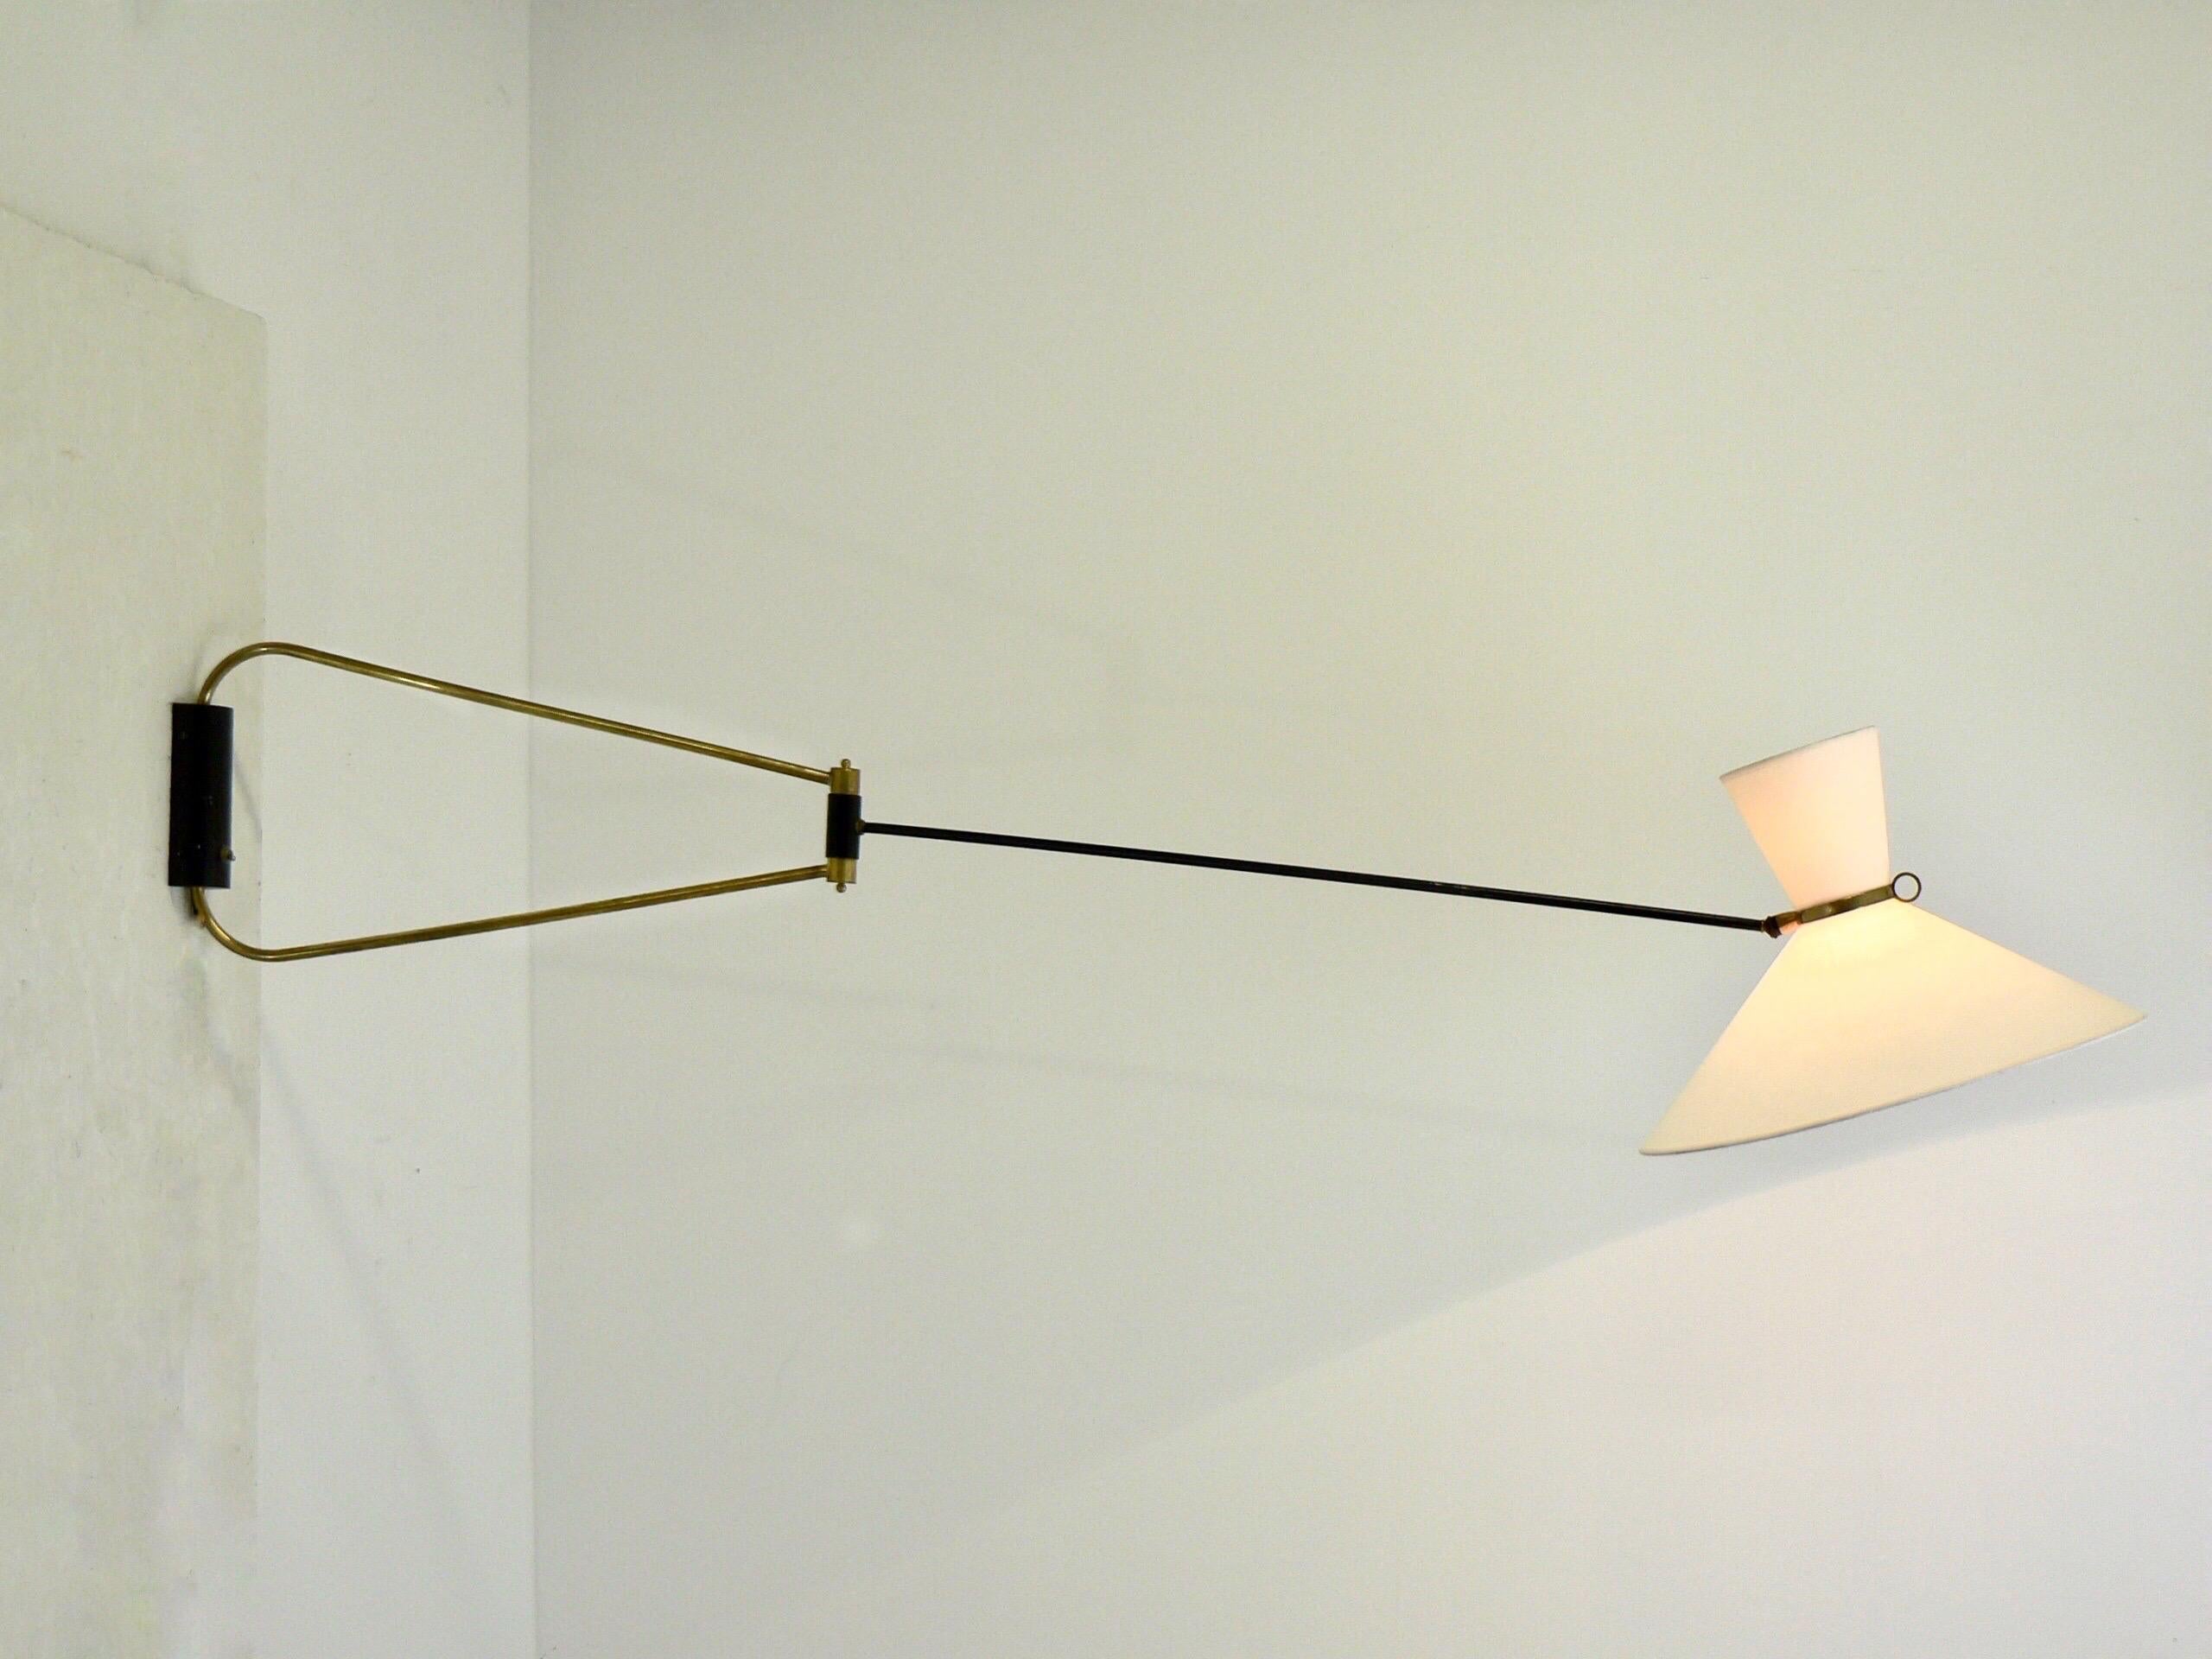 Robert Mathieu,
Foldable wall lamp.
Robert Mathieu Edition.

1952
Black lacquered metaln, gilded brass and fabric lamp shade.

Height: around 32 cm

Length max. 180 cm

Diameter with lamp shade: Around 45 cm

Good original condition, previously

——

**WHAT TO DO:** Only the lines from the one containing "Robert Mathieu Edition." to the end of the listing belong in the output, each reproduced exactly.

**TASK RESPONSE:**
Robert Mathieu Edition.

1952
Black lacquered metaln, gilded brass and fabric lamp shade.

Height: around 32 cm

Length max. 180 cm

Diameter with lamp shade: Around 45 cm

Good original condition, previously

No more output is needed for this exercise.